Варюшка торжествующе вносила в барак ведро или корзину, доверху полные еще влажными желтовато-розовыми и серыми подберезовиками и подосиновиками; коричневыми, будто отшлифованными боровиками; пахучими и нежными белыми грибами. Барак наполнялся волнующими запахами леса.
— Завидуйте, бездельники! — забыв произнести свое неизменное «коннитива», с ликованием восклицала Варюха.— Вот как надо собирать!

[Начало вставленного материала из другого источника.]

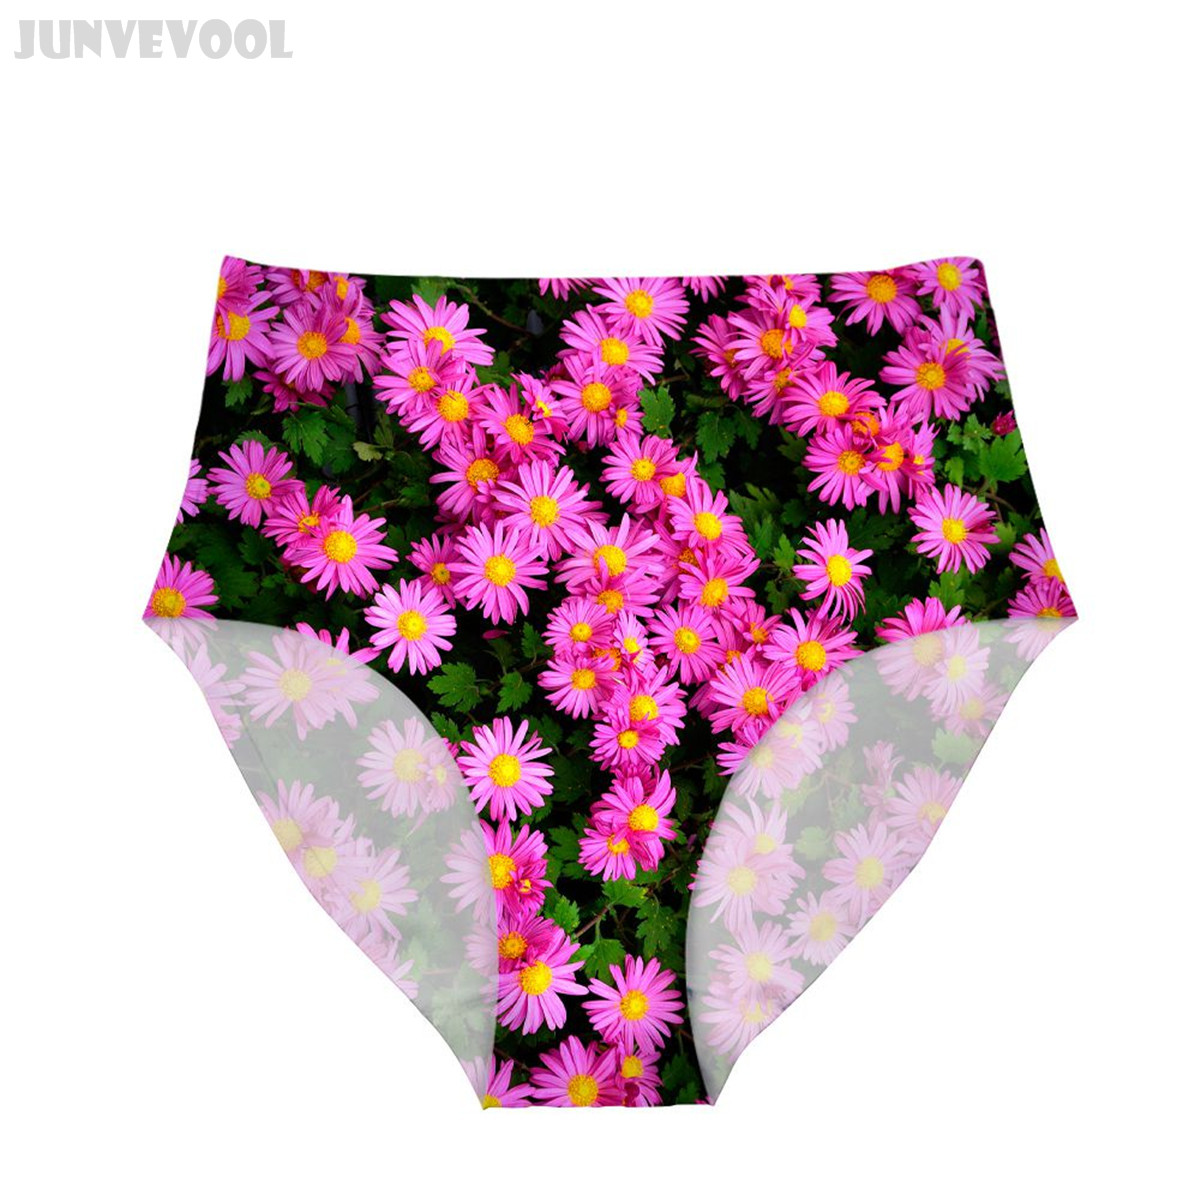 fd0fb81f92 Lingerie High Waist Panties Flower New Women Underwear High Cut Floral  Print Panties Shapewear Brief Body Shaper 3D Plants Pants-in women s panties  from ...

— Да чем ты хвастаешь? Tут и на жарево не наберется,— поддразнивал девушку кто-нибудь из строителей, а она негодовала:
— Ты приходи к нам вечером, приходи. Увидишь! «Не набере-ется...»!
После ее ухода в бараке еще долго держался тонкий, ни с чем не сравнимый грибной аромат, рождающий в воображении картины березовых опушек, пронизанных косыми стрелами осеннего солнца; затаенных ложбинок, пригорков, где меж стволами деревьев грибники уже успели пробить свои тонкие тропки.
По утрам в вышине над бараком, на ровной голубизне спокойного неба возникали точки-тире улетающих птичьих стай. Это была беззвучная морзянка осени. Птицы спешили к теплу, к вечной зелени прибрежных зарослей в неведомых нам, северянам, дальних краях.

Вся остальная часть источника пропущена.